### Collected data
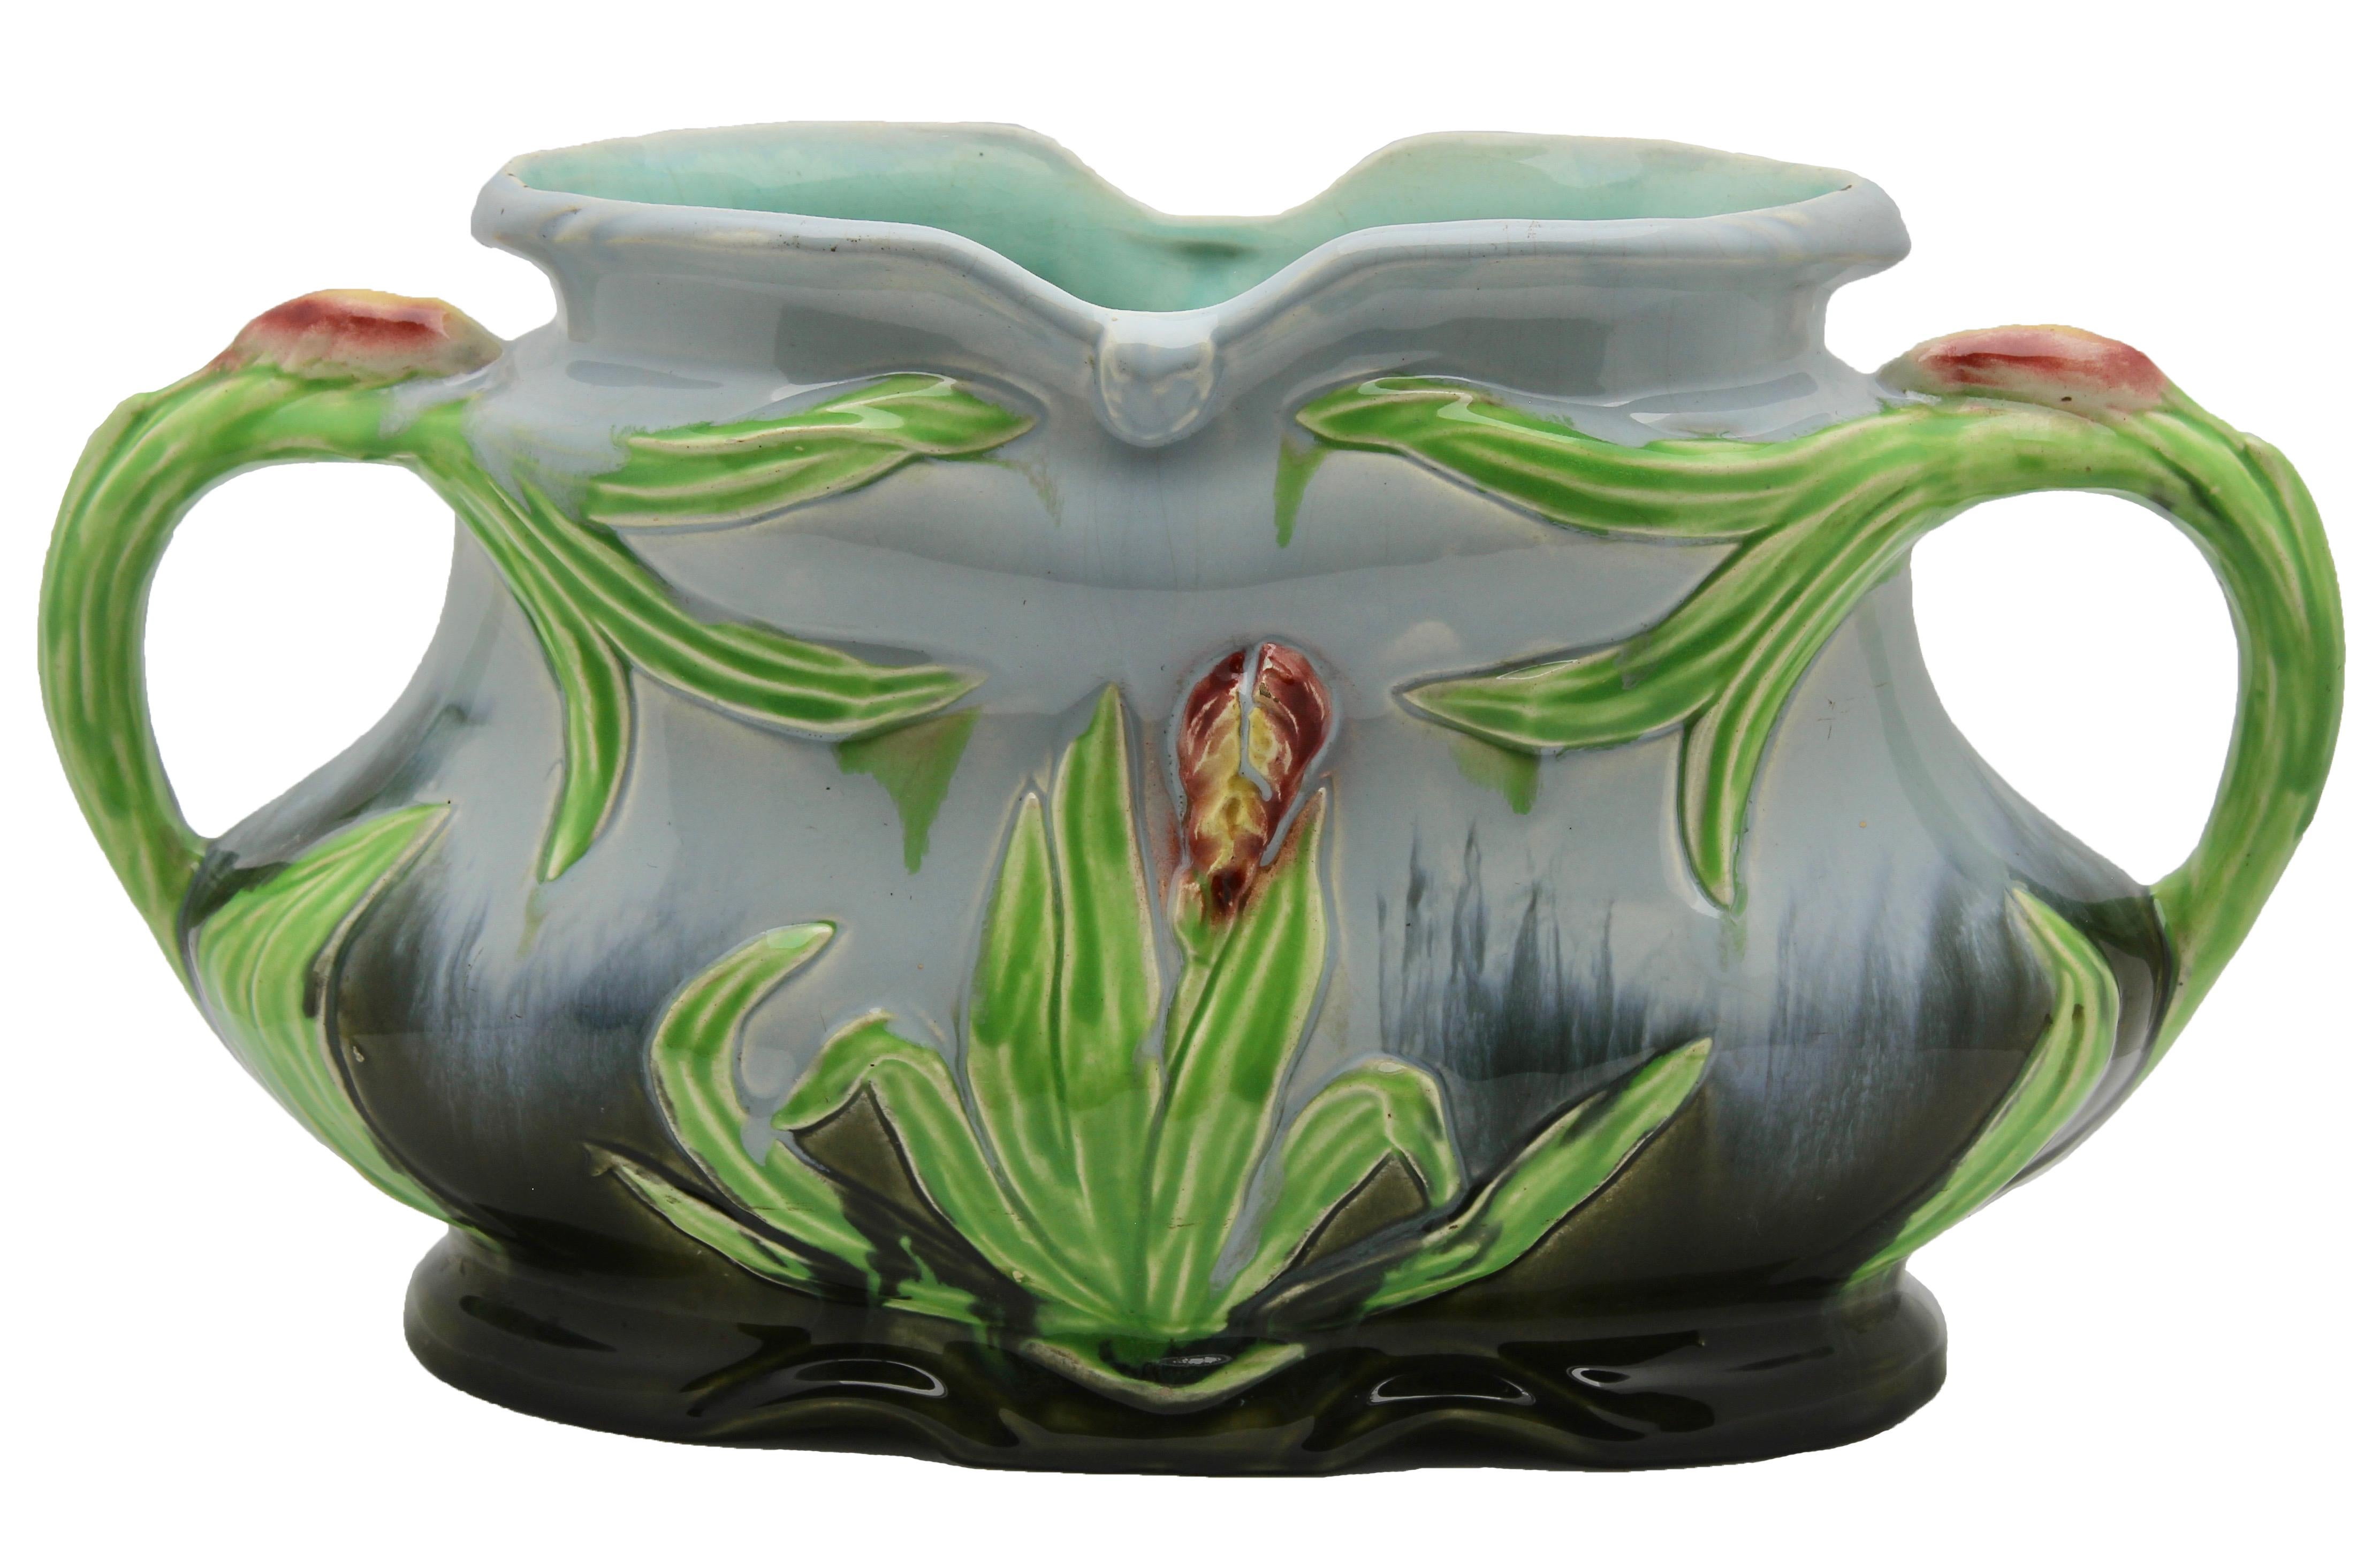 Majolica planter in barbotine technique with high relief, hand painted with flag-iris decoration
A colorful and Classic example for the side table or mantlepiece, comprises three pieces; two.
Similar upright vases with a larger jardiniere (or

### Work to be completed
Every line of the material must be returned exactly; leave the images out.

### Reply to the exercise
 Majolica planter in barbotine technique with high relief, hand painted with flag-iris decoration
A colorful and Classic example for the side table or mantlepiece, comprises three pieces; two.
Similar upright vases with a larger jardiniere (or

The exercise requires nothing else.